I would say a large part of this depends on you being a Faraax or a Xalimo.
Without asking and going of from your words, it seems to me that you like working with animate things (animals, people, in groups etc) rather than inanimate things (material, structures, abstraction, programming etc).
I would say this dichotomy of object oriented and people oriented split is as real as the left brained and right brained split, and sex is the single biggest predictor of it. Its for this reason why you see so many nurses, teachers and doctors being female. This is a dirty thing to say, but its been my observation.
A large part of engineering involves practical engineering and a healthy amount of paper work, such as finalising CAD specs into PDFs, micro managing minute abstractions, often on your own, only occasionally meeting up with higher ups for progress reports.
Being an electrical engineer in highly developed nations like the UK is uh... something. My brother is one, he works 2 days from home and goes in 3 days, he stresses there is hardly any difference.
A large part of his work is just satisfying healthy and safety codes and baby sitting Indians. For example, his current project at Heathrow, the company out sourced large parts of the electrical designs to a second company in India, so he gets sloppy work every week that he has to sanitise, before submitting it, he has given up telling them how to do it properly.
This appeals to a lot of people whom may not necessarily be introverts, but who certainly want to be left alone to their devices.
I am not discouraging you from going down the engineering route but only do it if a large part of it appeals to you, in and of it self, not primarily for the money. That you see yourself spending long nights alone on your own, dont think that will only be so during your studies, it wont.

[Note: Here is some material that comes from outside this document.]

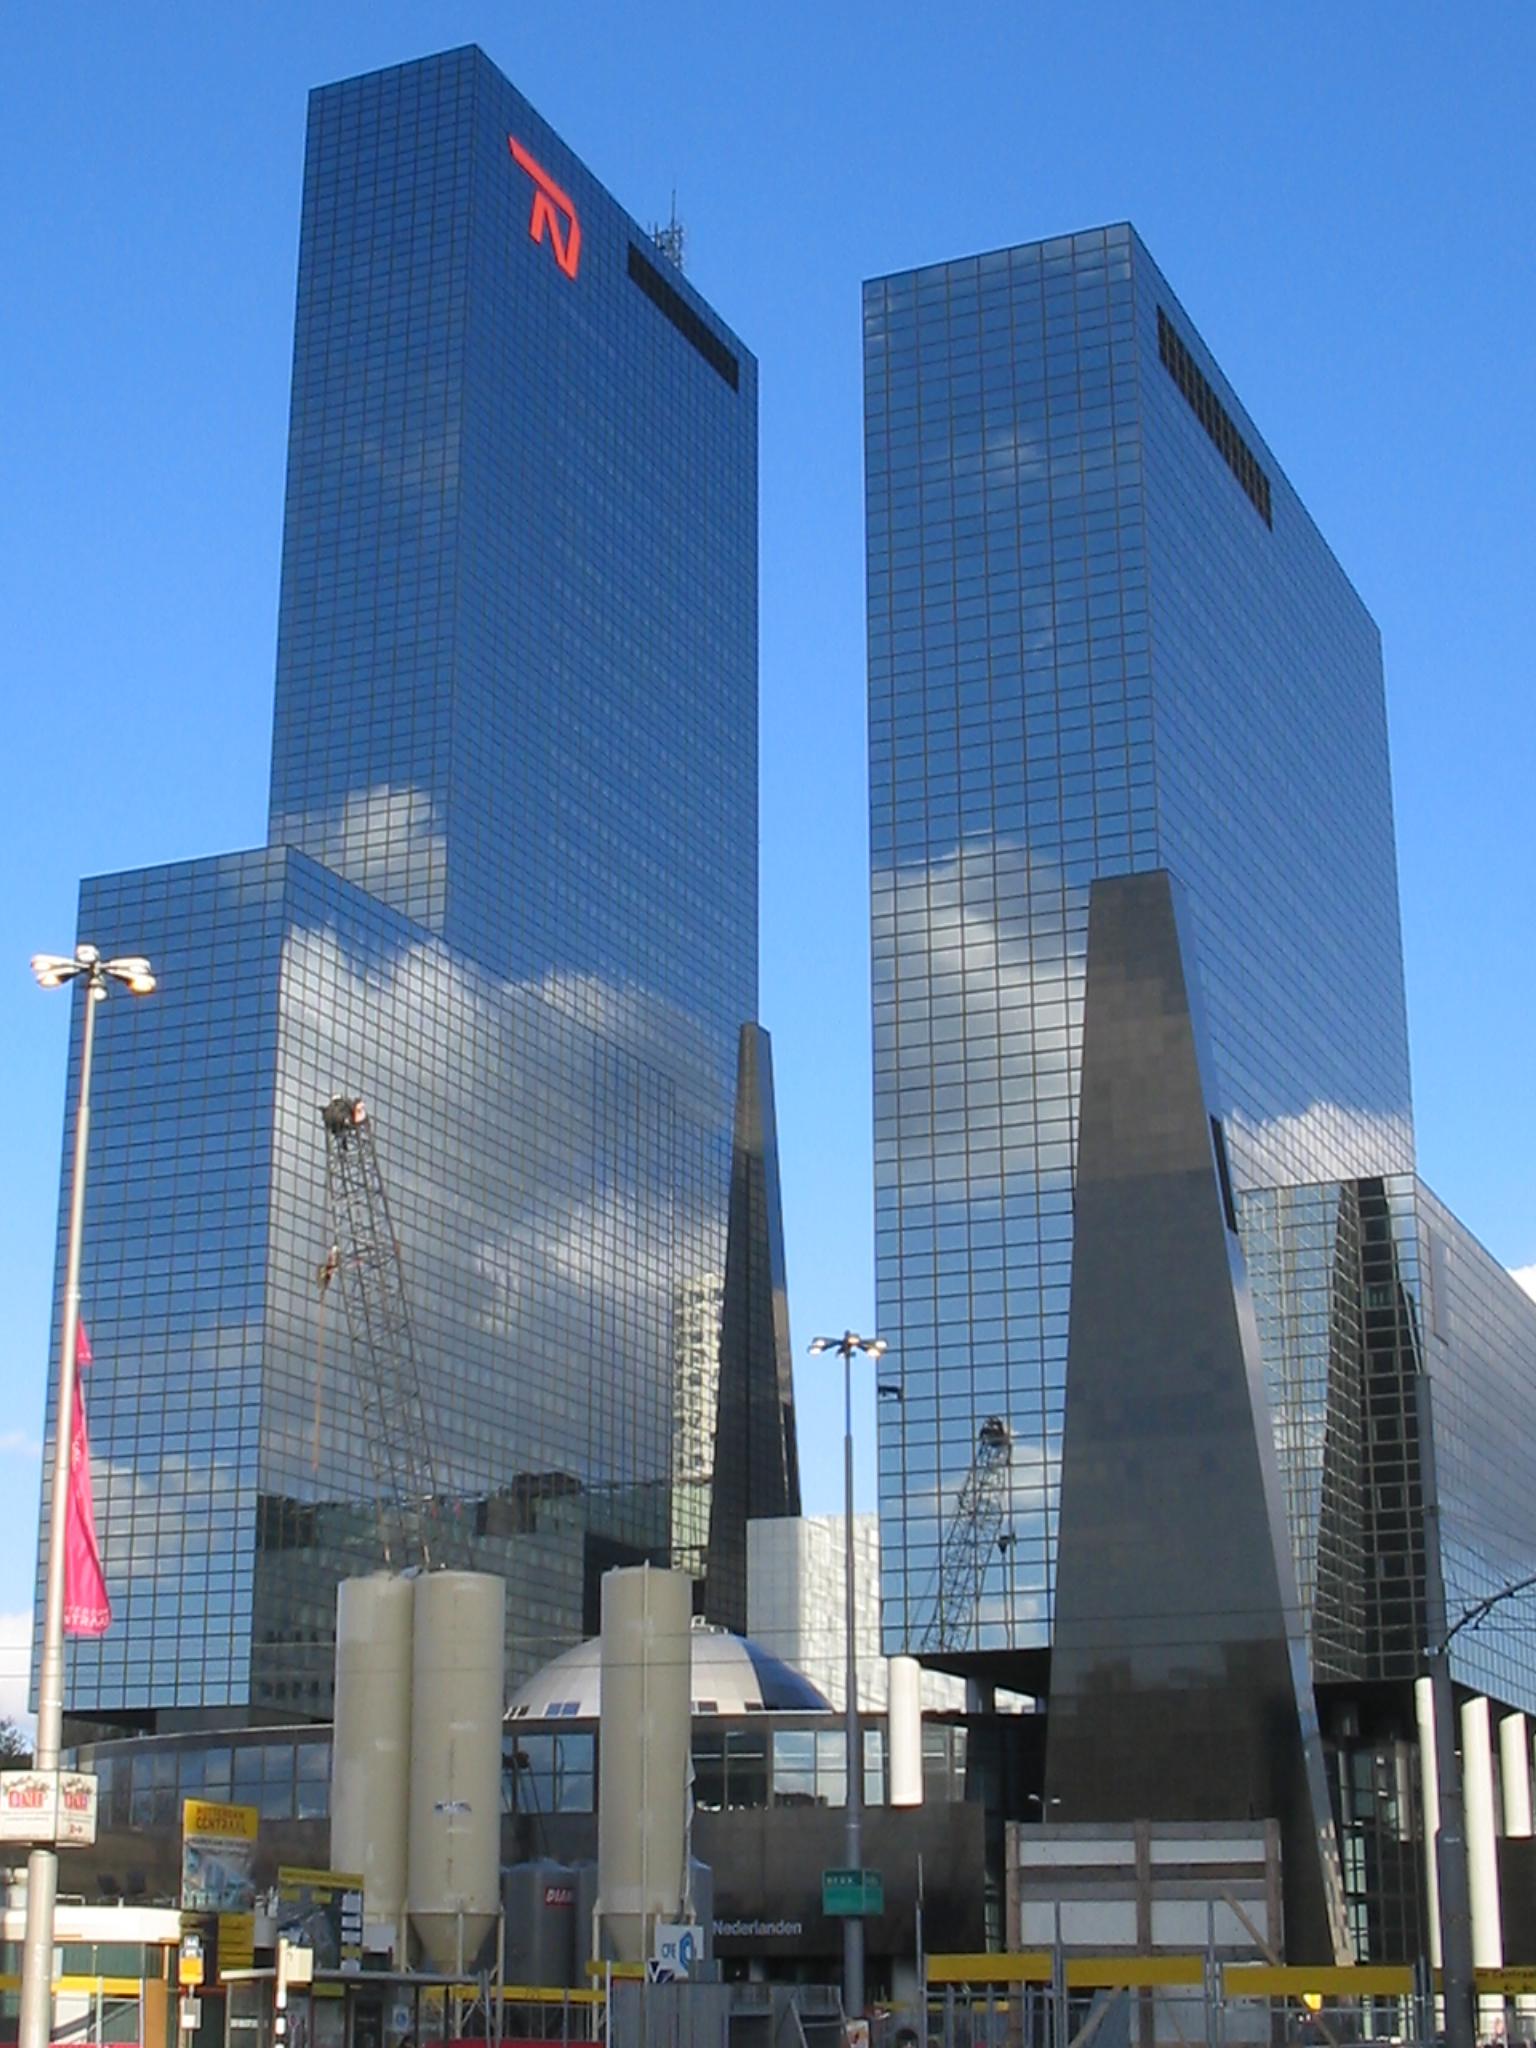 Nationale-Nederlanden Bank en Woonnu sluiten zich aan bij Europese duurzaamheidsinitiatieven
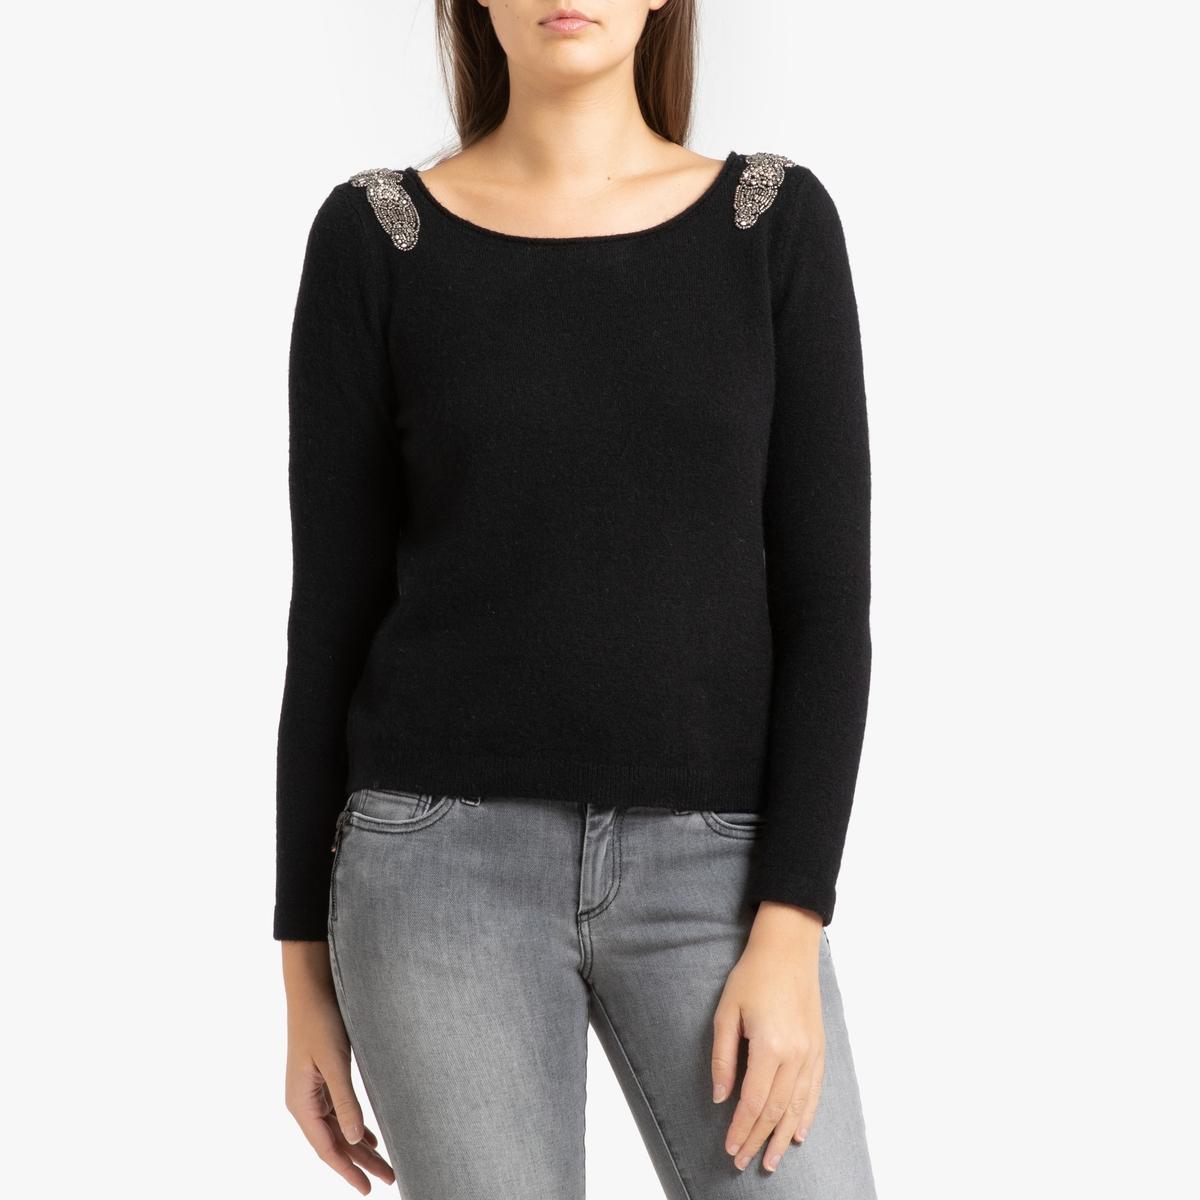 Пуловер La Redoute Из трикотажа с бусинами на плечах XS черный цена

It only gets worse on the job.
I am currently trying to solve this very problem, for example I am trying to
set up a social group for software/hardware engineers, and so far I have had 1 person wanting to join, that is it.
There is a healthy balance to be had; don't choose a career solely on "muh pashuun" nor just for the $$. Nobody likes the guy who spent £70.000 on a useless history degree or the office drone who is dead on the inside.